If we review the last year of earnings growth, the company posted a terrific increase of 20%. However, the latest three year period hasn't been as great in aggregate as it didn't manage to provide any growth at all. So it appears to us that the company has had a mixed result in terms of growing earnings over that time.

Weighing that recent medium-term earnings trajectory against the broader market's one-year forecast for expansion of 21% shows it's noticeably less attractive on an annualised basis.

In light of this, it's understandable that Lisi Group (Holdings)'s P/E sits below the majority of other companies. Apparently many shareholders weren't comfortable holding on to something they believe will continue to trail the bourse.

What We Can Learn From Lisi Group (Holdings)'s P/E?

Lisi Group (Holdings)'s recent share price jump still sees its P/E sitting firmly flat on the ground. While the price-to-earnings ratio shouldn't be the defining factor in whether you buy a stock or not, it's quite a capable barometer of earnings expectations.

As we suspected, our examination of Lisi Group (Holdings) revealed its three-year earnings trends are contributing to its low P/E, given they look worse than current market expectations. At this stage investors feel the potential for an improvement in earnings isn't great enough to justify a higher P/E ratio. Unless the recent medium-term conditions improve, they will continue to form a barrier for the share price around these levels.

And what about other risks? Every company has them, and we've spotted 1 warning sign for Lisi Group (Holdings) you should know about.

You might be able to find a better investment than Lisi Group (Holdings). If you want a selection of possible candidates, check out this free list of interesting companies that trade on a low P/E (but have proven they can grow earnings).
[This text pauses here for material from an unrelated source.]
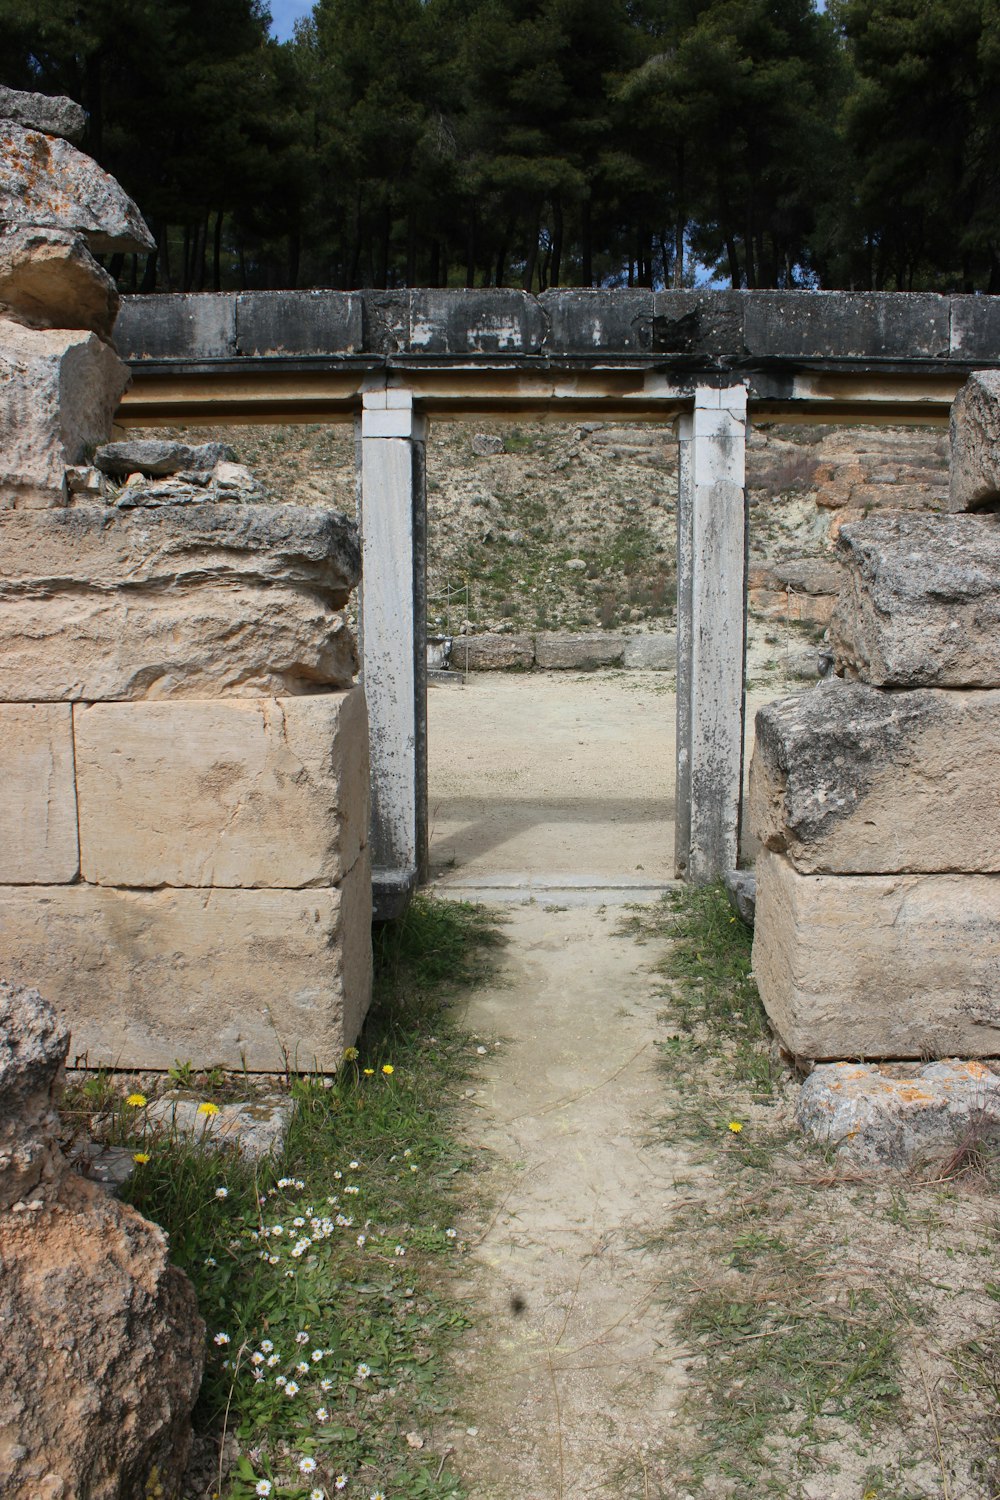 a stone structure with two doors in it

Have feedback on this article? Concerned about the content? Get in touch with us directly. Alternatively, email editorial-team (at) simplywallst.com.
This article by Simply Wall St is general in nature. We provide commentary based on historical data and analyst forecasts only using an unbiased methodology and our articles are not intended to be financial advice. It does not constitute a recommendation to buy or sell any stock, and does not take account of your objectives, or your financial situation. We aim to bring you long-term focused analysis driven by fundamental data. Note that our analysis may not factor in the latest price-sensitive company announcements or qualitative material. Simply Wall St has no position in any stocks mentioned.